为了运行模型，我需要在训练集中同时具备我的两个功能，但是，由于X_train_dtm是一个稀疏矩阵，我不确定如何连接我的pandas系列成本功能到那个稀疏矩阵。由于数据已经是成本的数字，我不认为我需要对其进行转换，这就是为什么我没有使用类似＆＃34; FeatureUnion＆＃34;它结合了2个转换功能。

任何帮助都将不胜感激!!

示例数据：

| Review           | Cost        | Type         |
|:-----------------|------------:|:------------:|
| This is a review |        200  |     Toy     
| This is a review |        100  |     Toy    
| This is a review |        800  |  Electronics     
| This is a review |         35  |     Home

更新

在应用tarashypka的解决方案后，我能够摆脱向X_train_dtm添加第二个功能。但是，我在尝试在测试集上运行相同时遇到错误：

来自scipy.sparse import hstack

vect = CountVectorizer(stop_words = stop)
X_train_dtm = vect.fit_transform(X_train.review)
prices = X_train.prices.values[:,None]
X_train_dtm = hstack((X_train_dtm, prices))
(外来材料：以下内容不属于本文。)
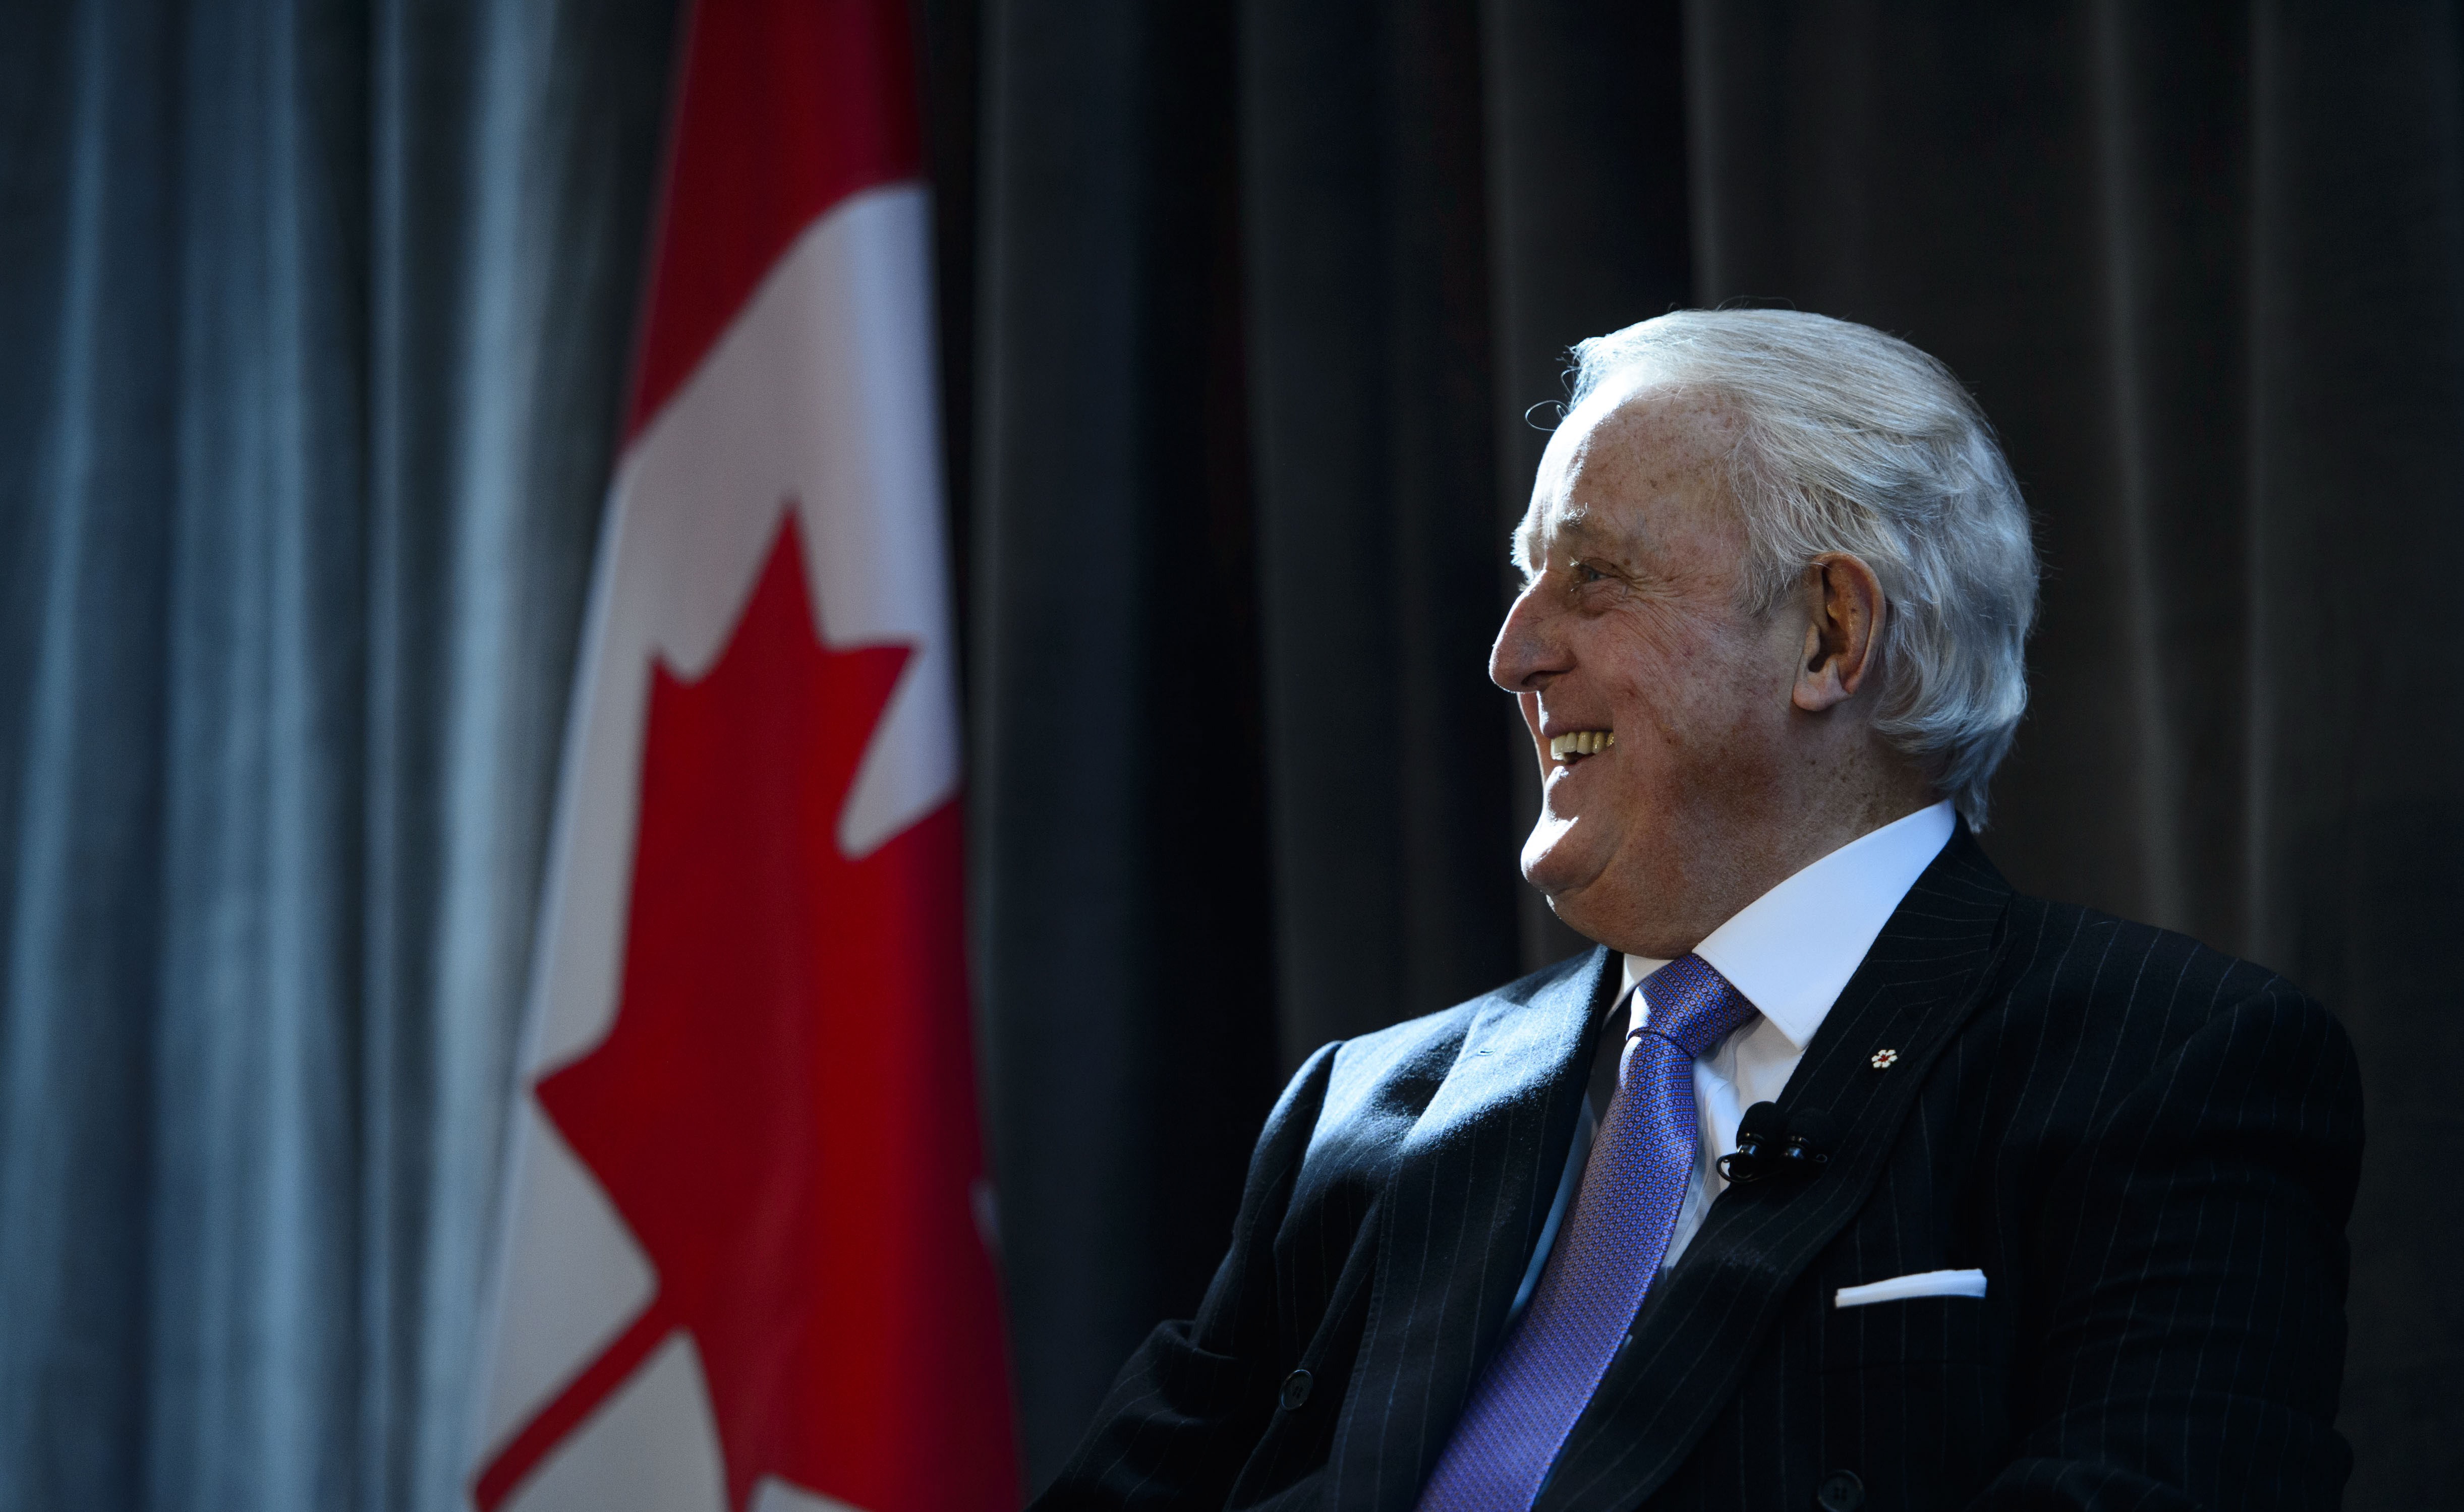 What to expect as Brian Mulroney’s state funeral set to begin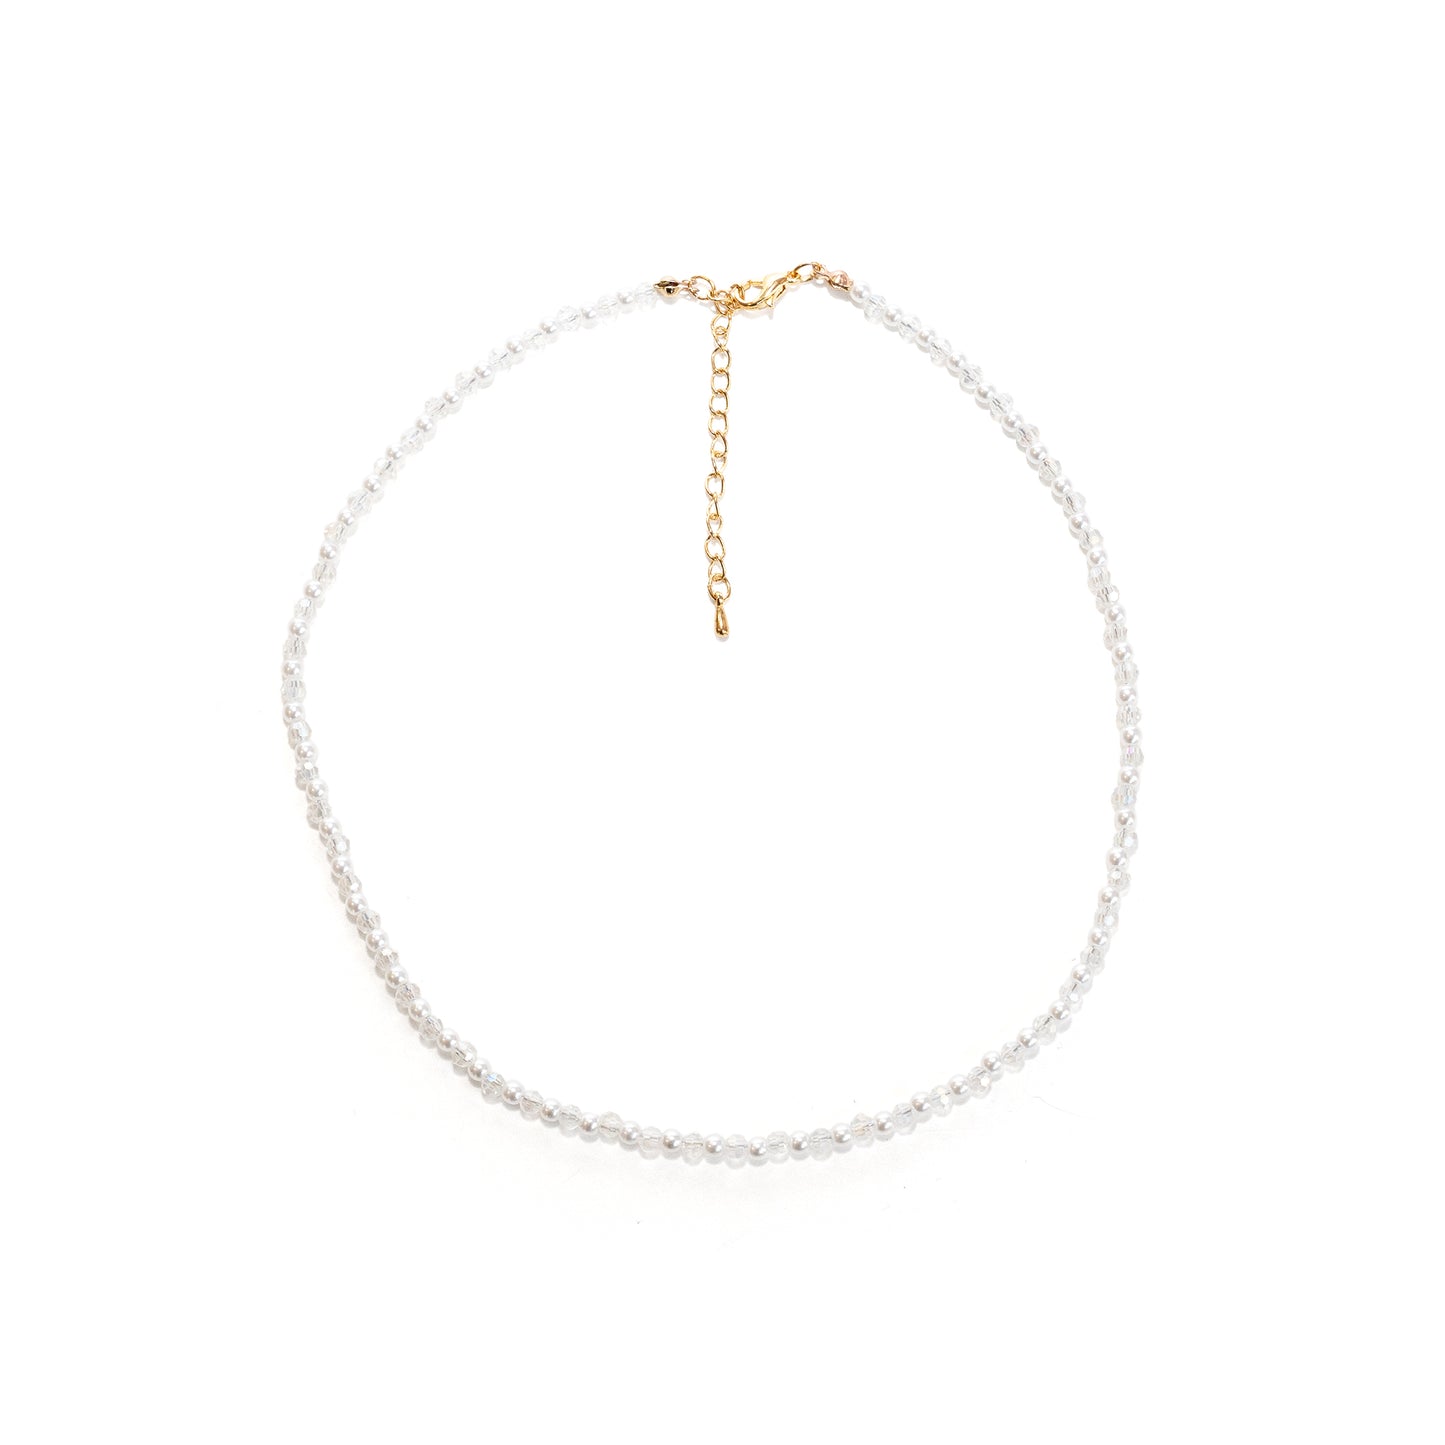 Petite Fresh Water Pearl & Bead Necklace

#Works perfectly for the training set above
#But when I run with test set I get the following error
X_test_dtm = vect.transform(X_test)
prices_test = X_test.prices.values[:,None]
X_test_dtm = hstack((X_test_dtm, prices_test))

Traceback (most recent call last):

  File "<ipython-input-10-b2861d63b847>", line 8, in <module>
    X_test_dtm = hstack((X_test_dtm, points_test))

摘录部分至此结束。